Better immunosuppressive drugs have been one of the biggest improvements. All we had back then were cyclosporine and prednisone. Now we have nearly a dozen different drugs from which to choose. We can often combine different drugs to allow us to use lower doses of each and still achieve adequate prevention of rejection with fewer side effects. The options we have now are much more reliable at preventing rejection of a transplanted organ. Morgan probably faced a risk of developing an episode of rejection during the first six weeks to two months after his transplant of about 55 percent to 65 percent. Of course, we were almost always able to treat the rejection successfully, but if he got a transplant today, the likelihood that he would have a rejection episode is probably on the order of 10 percent or 12 percent — drastically lower.

Technically, we’re better at doing the operation. These days, in only a year or two, we can train a new surgeon to do the procedure quicker and better than I could do it in 1985, even though back then, I was one of the most experienced liver transplant surgeons in the world.

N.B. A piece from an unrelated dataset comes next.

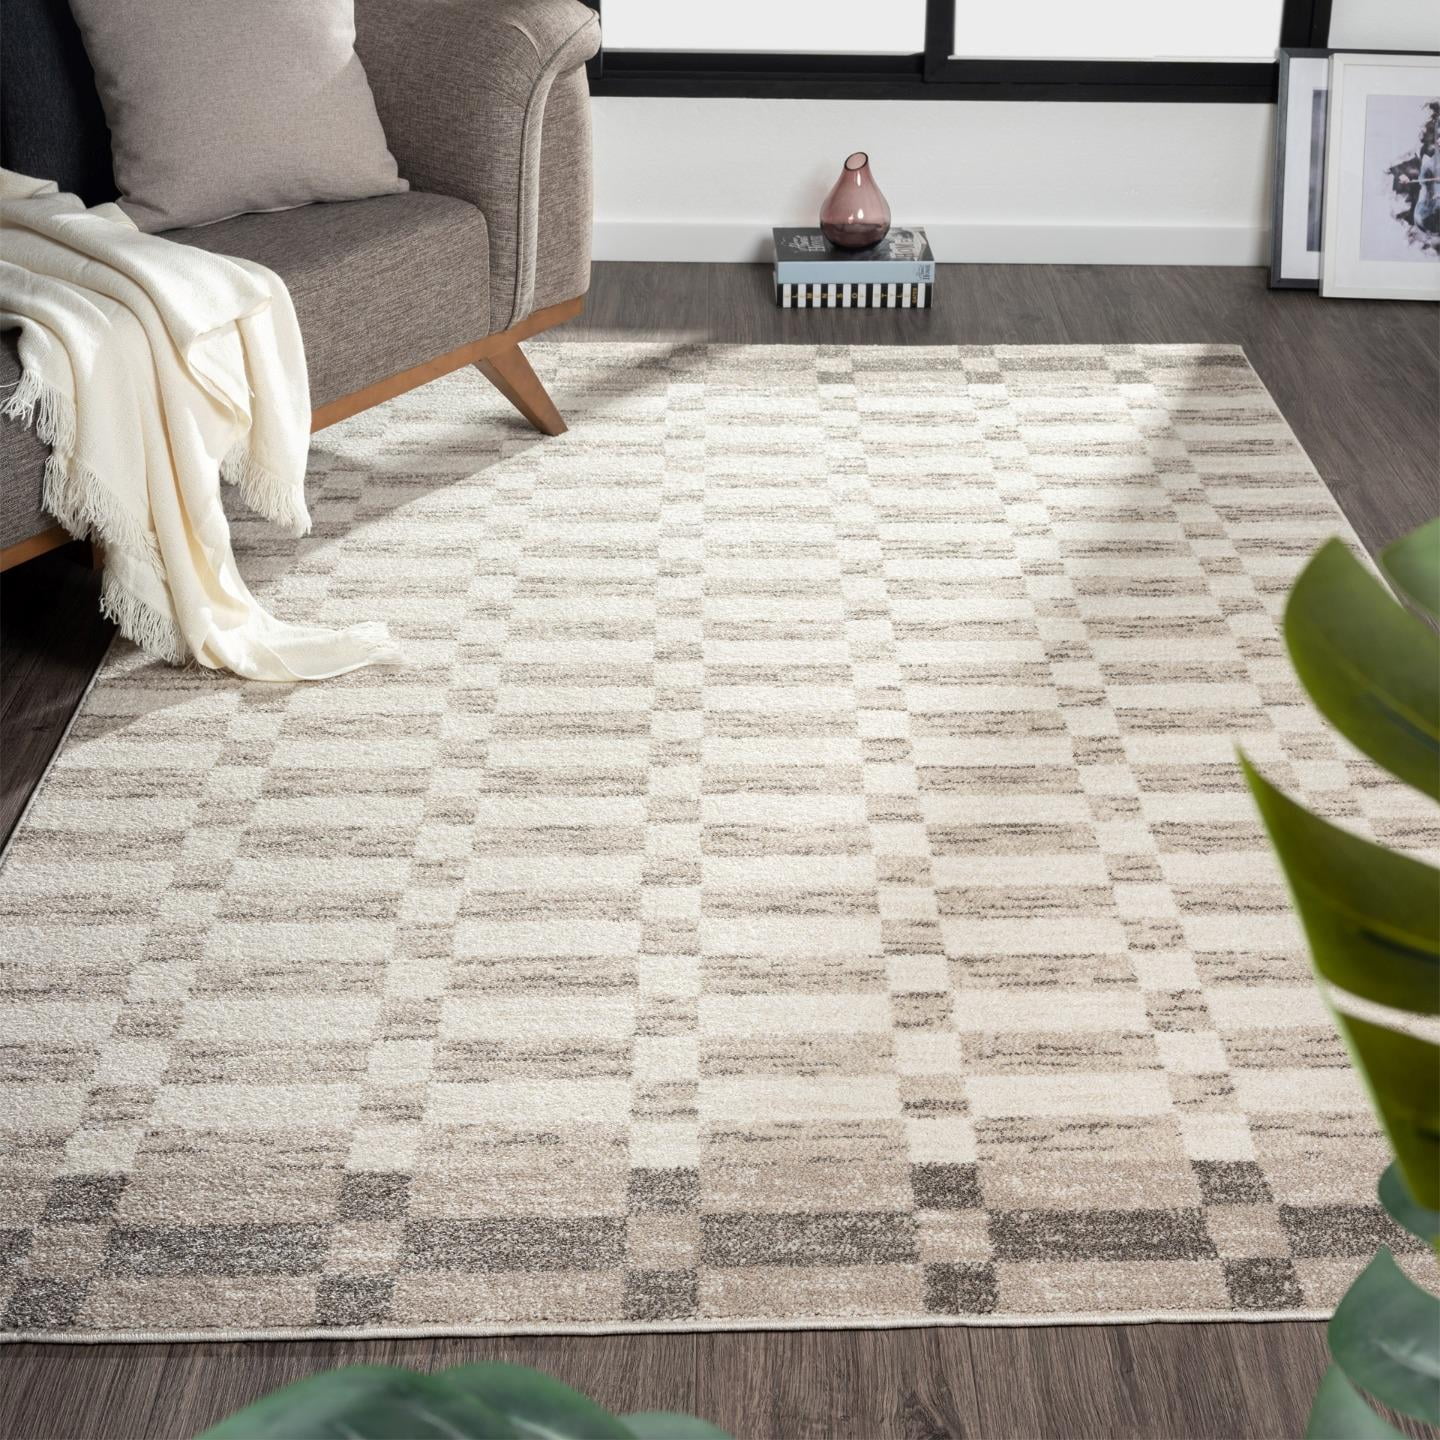 Stitch 3d Carpet Area Rug - Home Decor - Bedroom Living Room Décor 31FCE5
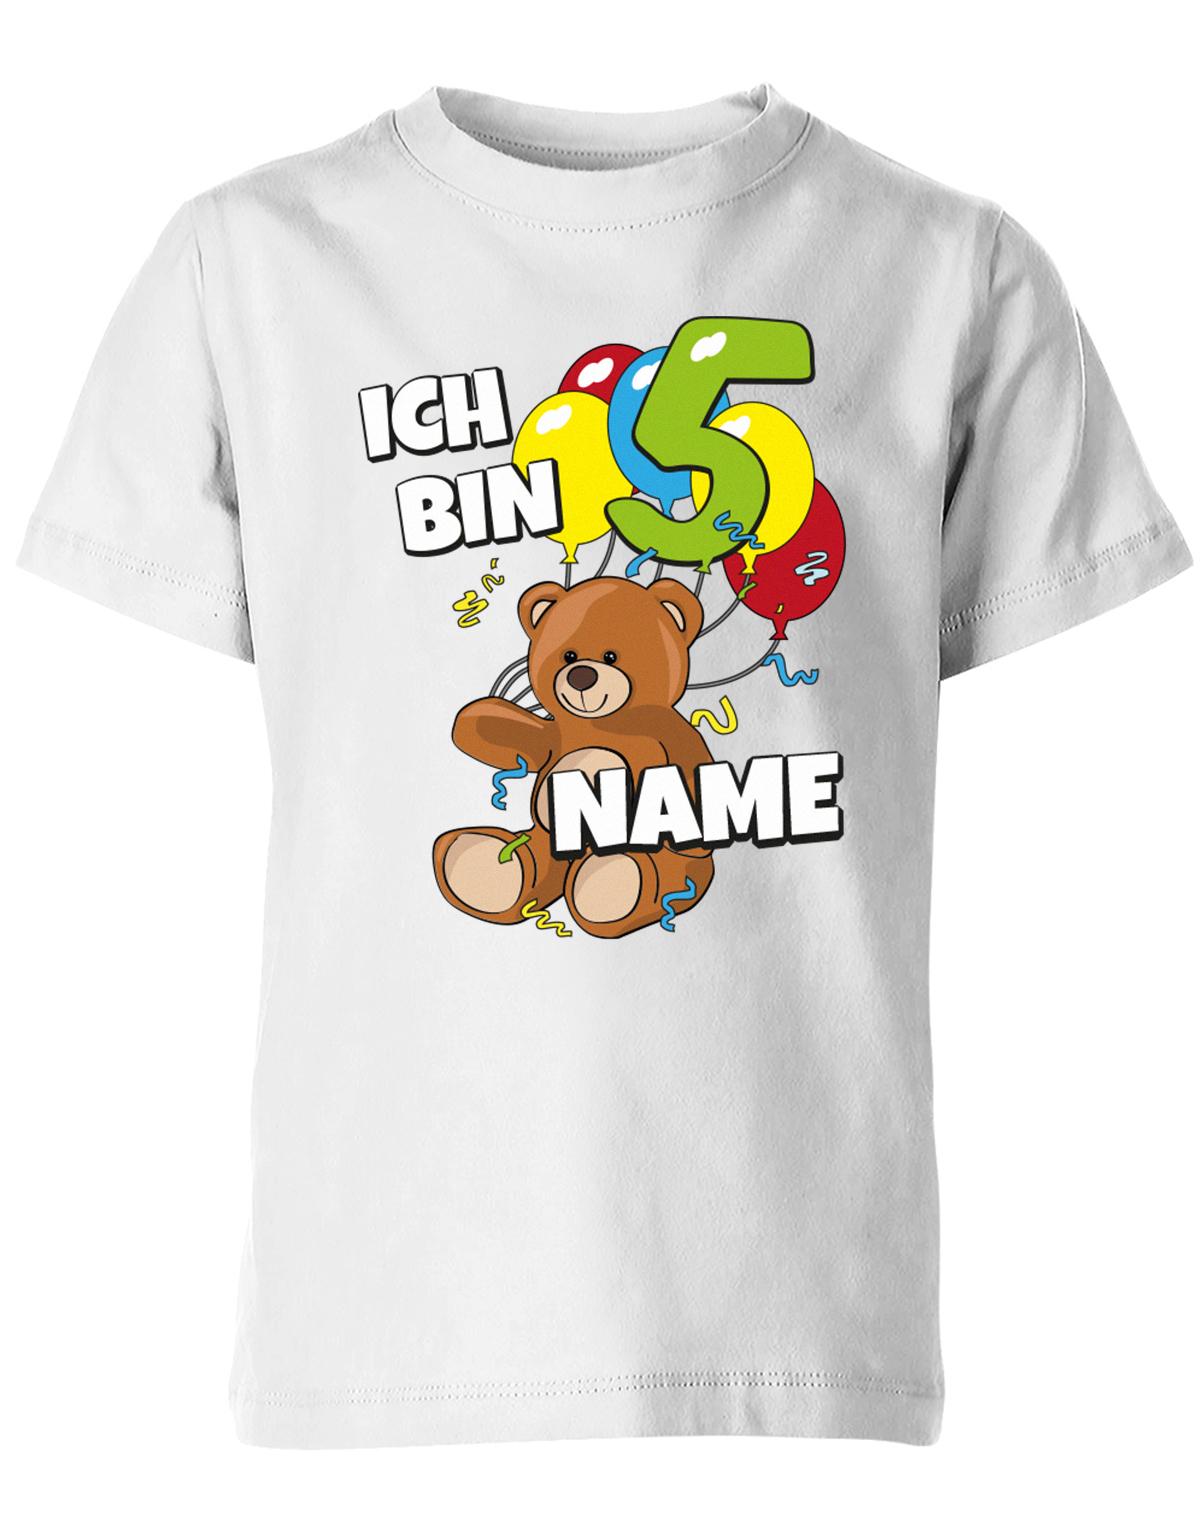 ich-bin-5-teddy-luftballons-kinder-shirt-weiss

We’ve figured out lots of ways of improving the actual operation so the time spent in the operating room is a lot less, the blood loss is a lot less and complications afterwards are considerably less.

When you think of the lives you and your team have impacted over the years, what do you think about?

You’re asking somebody who’s been involved in this since 1981. And I think you go through a long period of time, maybe as much as 10 years where you are quite enthralled by the success. I think what happens at some point is you start to get more and more discouraged by your failures. When you’re involved in something like I was, where the overall success rate was good — still there were quite a few people who did not survive. If you think about it, there aren’t very many fields in surgery where you would do an operation on somebody and they’d have an 80 percent to 85 percent chance of surviving the first year. Liver transplantation, when I first started, was probably on the order of 75 percent or 80 percent. When you’re exposed to that year after year, you have to develop mechanisms where you cannot basically obsess about the failures. It causes a toll over time. I think you begin to get more and more aware of the body of failures you’ve had. Very few of us sit back and feel complacent based upon all of the success. A lot of what causes you to lose sleep and spend extra hours thinking about how to make things better are all the failures.

I’ve also noticed another change that maybe comes with the territory. When we first started 25 to 30 years ago, liver transplantation was not felt to be something that should be offered to patients. The results were so bad that it was done only in the most desperate situations, as a last ditch effort to save someone who was near death. I spent a lot of the first half of my career giving lectures both to professional societies and to community organizations presenting the evidence that not only were the results from liver transplantation very good, but also that the people who got them could lead normal, productive lives. That was a hard sell over the years, but once you sell that and the public begins to believe and accept it, public expectations become very high. Maybe too high, when you consider that despite the success, it is still a risky undertaking. People forget that without transplantation, liver failure is still a death sentence. So these days, patients and their families are much less tolerant of any complications. We all assume everything is going to be perfect, and when it is, as often is the case, well, we take it for granted. And when something does go wrong, and recovery is delayed, everyone is perhaps far more disappointed than is realistic.

In the end, we get our reward from grateful patients. Taking success for granted may have lessened the sense of accomplishment somewhat over the years, but, like I said, it probably comes with the territory.